As a child, Ali Sethi was enthralled watching Sufi whirling – a religious dance – at nearby shrines in Punjab: “There’s this collective catharsis that takes place and, briefly, your caste, class, gender, appearance, they stop mattering. You have licence in an otherwise extremely hierarchical society to just express yourself.”
This is something the 41-year-old Pakistani-American singer, songwriter and composer hopes to create himself. Though he’s also a writer – be that his acclaimed 2009 novel, The Wish Maker, or contributions to publications such as the New Yorker – music became somewhere Sethi could be accepted, especially as a queer person growing up in Lahore. “I think music has this shamanic function in south Asian culture,” he says, “where things you cannot say in lay language you say in the love language of music.”
Sethi’s stratospheric, shiver-inducing voice dissolves cultural divides. Take Intiha, his sublime 2023 experimental album of Sufi poetry with Chilean-American musician Nicolás Jaar, or 2022’s Pasoori, a bombastic raga-meets-reggaeton track which has surpassed a billion streams on YouTube Music, making it easily the biggest song to come out of Pakistan this century. When we speak, Sethi is about to release his debut solo album, Love Language, which builds on Pasoori’s thundering, Technicolor global pop. Working with producers like Brockhampton’s Romil Hemnani and Colombian musician Juan Ariza, it’s exuberant and almost oversaturated, flecked with 00s R&B, Bollywood, drill rap, slinky flamenco, even a skit on the children’s game “akkad bakkad”, all of it underlined with hallmarks of north Indian classical.
Not everyone is pleased. Sethi trained under two of the greats of classical music, Ustad Saami and Farida Khanum, and his initial career was in that more traditional world; some fans yearn for “the old Ali Sethi”. Though he’s adamant about using south Asian ragas rather than western chord progressions to inform the melodies for his songs, Sethi recounts how even the esteemed Ustad Saami asked him whether his music lately is fusion or, simply, confusion. “But I think in today’s completely monstrous world, what could be a better reflection than confusion?” Sethi laughs.

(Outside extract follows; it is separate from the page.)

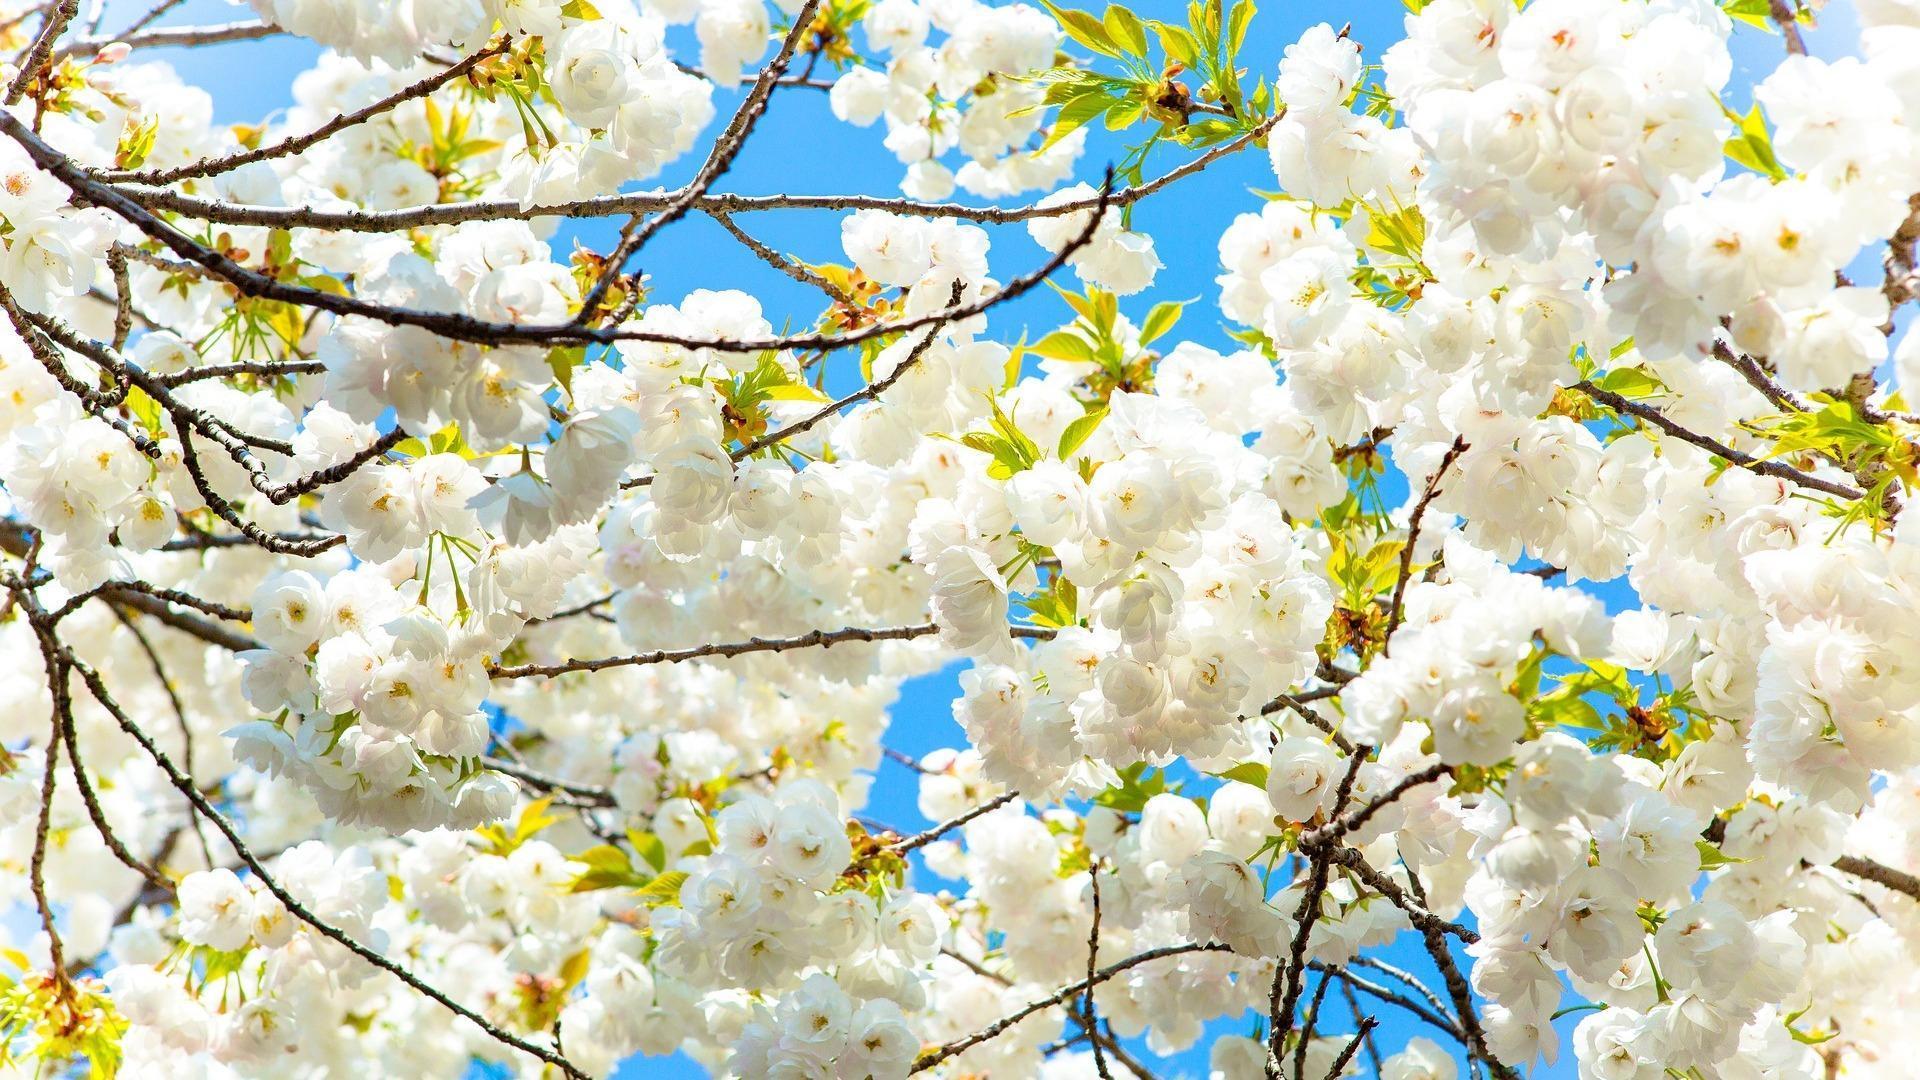 Live Wallpaper Spring Hd 4k Naturaleza Fotos Flor For

The work of Pakistani musicians, including Sethi, has been banned and removed from streaming services in India, where fans are forced to access the music via VPN due to escalating tensions between both countries. “If you’re looking at it from the point of view of ideologues, music is the one thing that has kept the populations of India and Pakistan deeply connected to one another,” he says. “Every time the walls go up, the borders get re-erected but some song slips past, and there’s an instant [release of] fellow feeling … this unspoken connection.”
The brief outbreak of conflict between the two nations earlier this year has worsened the cultural divide. The opening track on Sethi’s album was initially a duet with a well-known Bollywood singer, but a film industry body threatened that any Indian artist collaborating with a Pakistani artist would be blacklisted. The song is now censored, cut through with screams and distorted industrial textures. Sethi has also been unable to get a visa to enter India in nearly a decade. “Ever since I started releasing music, my biggest audience has been in India, and it’s the one place I’ve not been able to go,” he says.
He wryly notes that the themes of “forbidden love” he explores in his music are “already in place” thanks to the travel ban. Inspired by Pakistani revolutionary poet Faiz Ahmed Faiz, Sethi’s lyrics read like love songs, but they’re layered with double-meanings about ethno-nationalism, Islamophobia, war, queerness and exile. On Bridegroom, he subverts a 13th-century qawwali sometimes sung at weddings, his untethered, gliding voice delivering coy lyrics that translate to “don’t ask about my husband”. This follows “pretty rigorously orchestrated fake news” two years ago, falsely claiming Sethi and his partner, the Pakistani painter Salman Toor, had breached local law and married.
He didn’t know how to react, until the answer came in the form of this song. “I realised the appropriate response is to troll them back with what they think of as semi-sacred music, saying, ‘I refuse to give up my traditions.’”
Sethi may laugh in defiance, but his words are tinged with sadness. “These last few years have been a whirlwind, not always in the nicest ways,” he says. “There’s a lot of angst and despair, a lot of ruing the loss of a milieu, the loss of home – but also revelling in new homes, temporary shelters, finding community with other musicians in places like Los Angeles, London and New York.”
He says the success of NYC mayoral candidate Zohran Mamdani is revitalising; the way he “squares that distance between all these different communities.” Love Language, then, is Sethi’s attempt at the same: a “diary of displacement” with the accompanying tour set to be “a variety show for the end times”. Mainly, he wants the music to be a refuge, and to capture his and his audience’s multiplicities.
“I’m hoping it comes across as a work of synthesis rather than a work of assimilation,” Sethi says of his album, an attempt to make hybrid music without “simplifying or diluting” any of its constituent parts. “I feel equally rooted in Punjabi bhangra and hyperpop, equally conversant with queer club anthems and Sufi poetry; and, actually, I see all these connections all the time, because they dwell within me.”